Писатель-фантазм

Ярослава Казакова
- Давай ты будешь делать уроки строго днём, чтобы я, приходя с работы, мог писать свой роман, - сказал отец, и это прозвучало не как просьба или рекомендация, а как самый настоящий, стопроцентный приказ.
Раиса сжалась внутренне. Сколько раз за её двенадцатилетнюю жизнь ей приходилось слышать это "давай", и никогда оно не несло с собой ничего хорошего.
- У меня музыкальная школа четыре раза в неделю, - робко возразила девочка. - Я могу не успеть с уроками до пяти часов.

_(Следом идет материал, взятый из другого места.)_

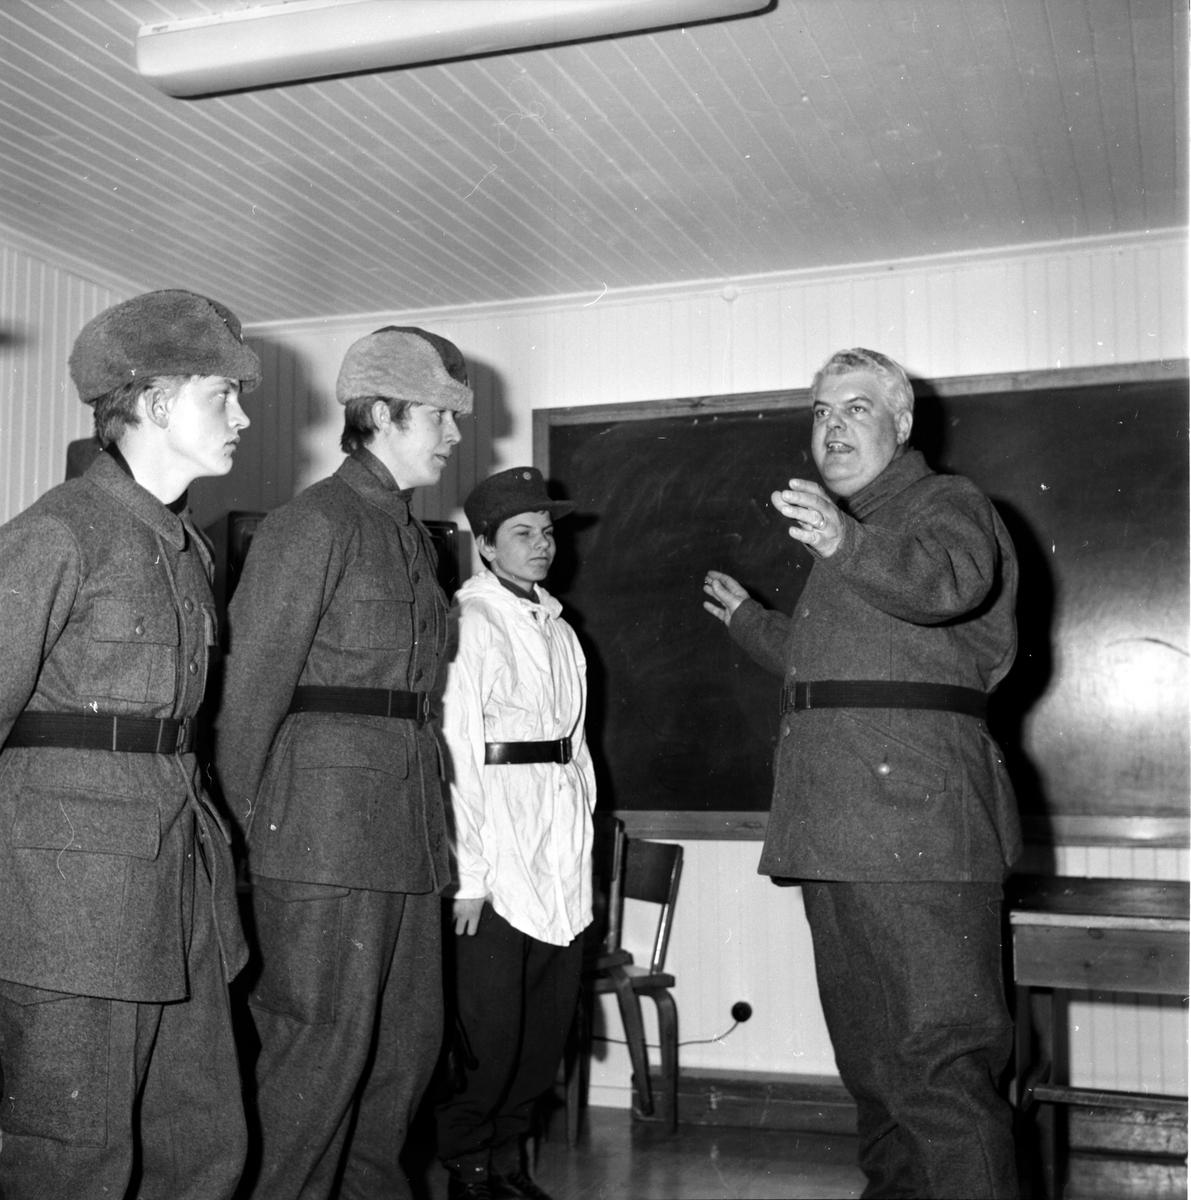 Stagården, Nygården, Ankarcrona, Westerlund, 17 Februari 1967

- А ты успей! - Посоветовал отец, и рот его зловеще съехал набок.
За съездом рта обычно следовала пространная лекция о том, какая Раиса плохая и неправильная, вся в мать. Раиса со своей матерью и её родственниками портят отцу жизнь и мешают писать роман. Если бы не они, роман давно был бы написан, издан, и все мыслимые и немыслимые премии за него получены.
Он начал писать свой роман ещё летом.
- Не занимай по вечерам стол! - Приказал Вышеслав дочери в конце июня.
Он страшно кичился необычным именем и польско-дворянским происхождением, но никто почему-то не благоговел. На заводе, где потомок ссыльных польских бунтарей трудился слесарем за неумением применить своё высшее образование, его прозвали Мышеславом и сплавляли ему самую кропотливую и низкооплачиваемую работу. 
- На кой чёрт он мне сдался, стол этот! Сейчас каникулы, - досадливо отмахнулась Рая.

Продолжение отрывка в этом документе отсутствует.